Con esta metodología cada uno cumple un rol, pero a veces la emergencia les toca de cerca. “En ocasiones uno siente el peso emocional, porque vivimos acá. No dejamos de ser víctimas de esta situación. De hecho, tres bomberos se vieron afectados por el temporal. Uno de ello tuvo que auto-evacuarse porque su casa se inundó por completo. Pero pese a todo, Roberto Zacarías continuó trabajando y colaborando como bombero”, agregó la profesora en psicología. Otras de las labores que llevan adelante es la de acercar las donaciones, recolectadas en la parroquia de la localidad.
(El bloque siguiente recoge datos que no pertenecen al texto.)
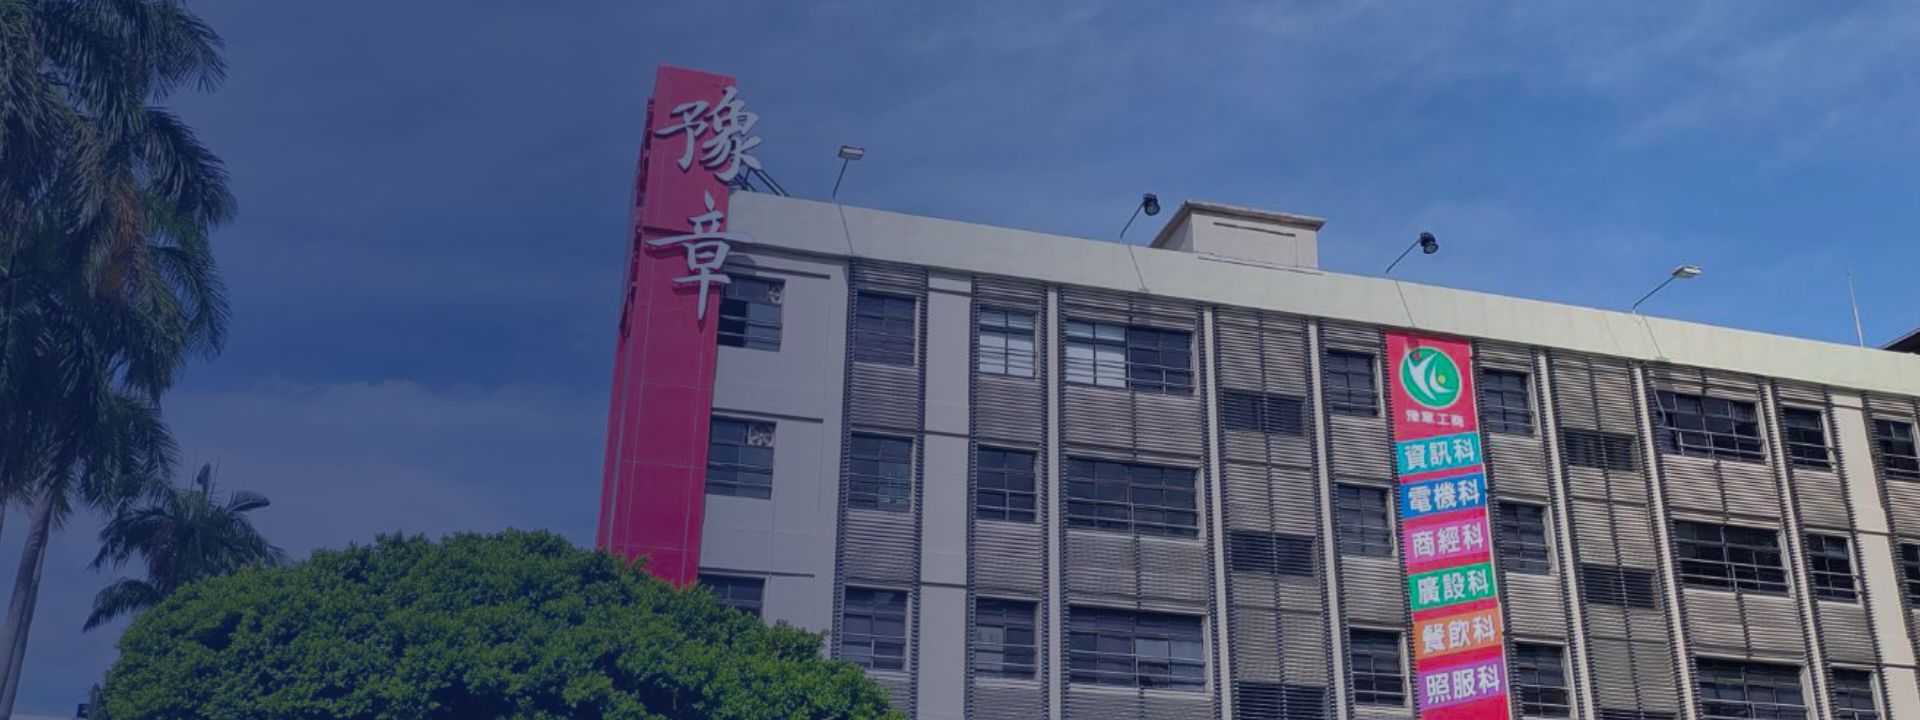 Private Yu-Chang Technical Commercial Vocational High School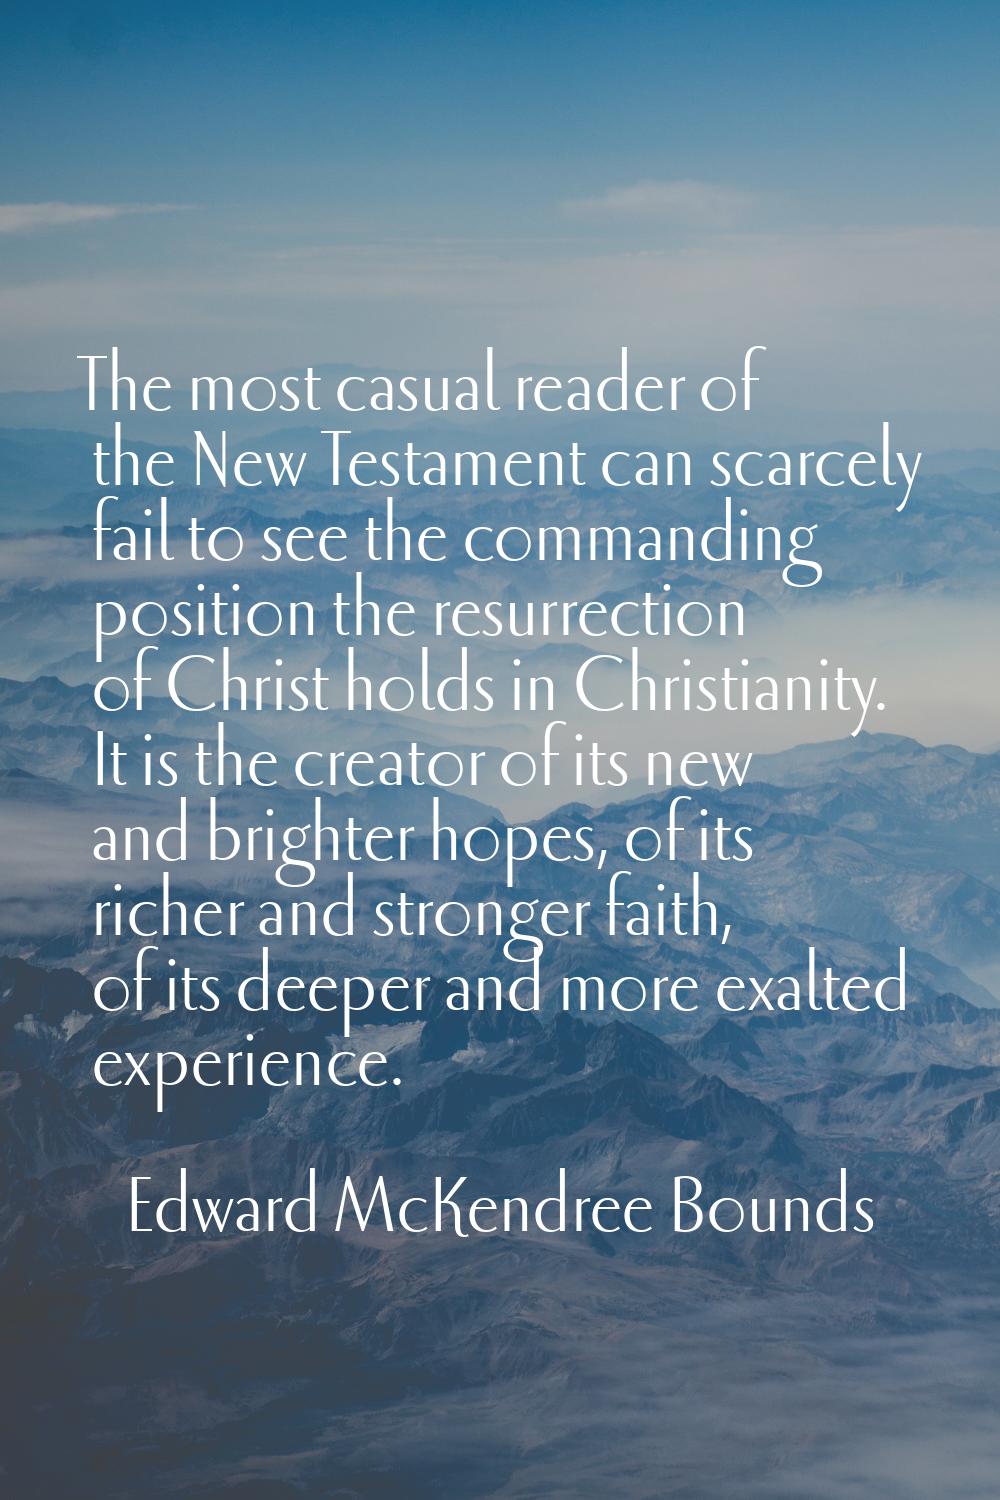 The most casual reader of the New Testament can scarcely fail to see the commanding position the re

De esta forma auxilian las familias que se encuentran en los parajes que quedaron aislados. “Tenemos un mapa de riesgo donde consultamos y revisamos los lugares que necesitan de mercadería y en todos los operativos nos acompaña un médico para brindar asistencia para evitar riesgos”, detalló Carolina.
A su lado se encontraba Liz que agregó: “Hoy (por el sábado), es el quinto día que llevamos asistencia por medio de un helicóptero. Primero gendarmería realizó un reconocimiento del área afectada, se detectan los puntos en los que se puede aterrizar para llevar provisiones, y después trasladamos los alimentos, ropas, algunas mantas, y colchones”.
Para cerrar, los hermanos coincidieron que comenzaron con el voluntariado porque creció en ellos la vocación de ayudar al prójimo e instan a aquellos que deseen sumarse a ejercer esta vocación. 
“Siempre surge la necesidad de voluntarios, mucho más en momentos como este. Les puedo asegurar que es una profesión que brinda una satisfacción personal enorme”, sintetizó David.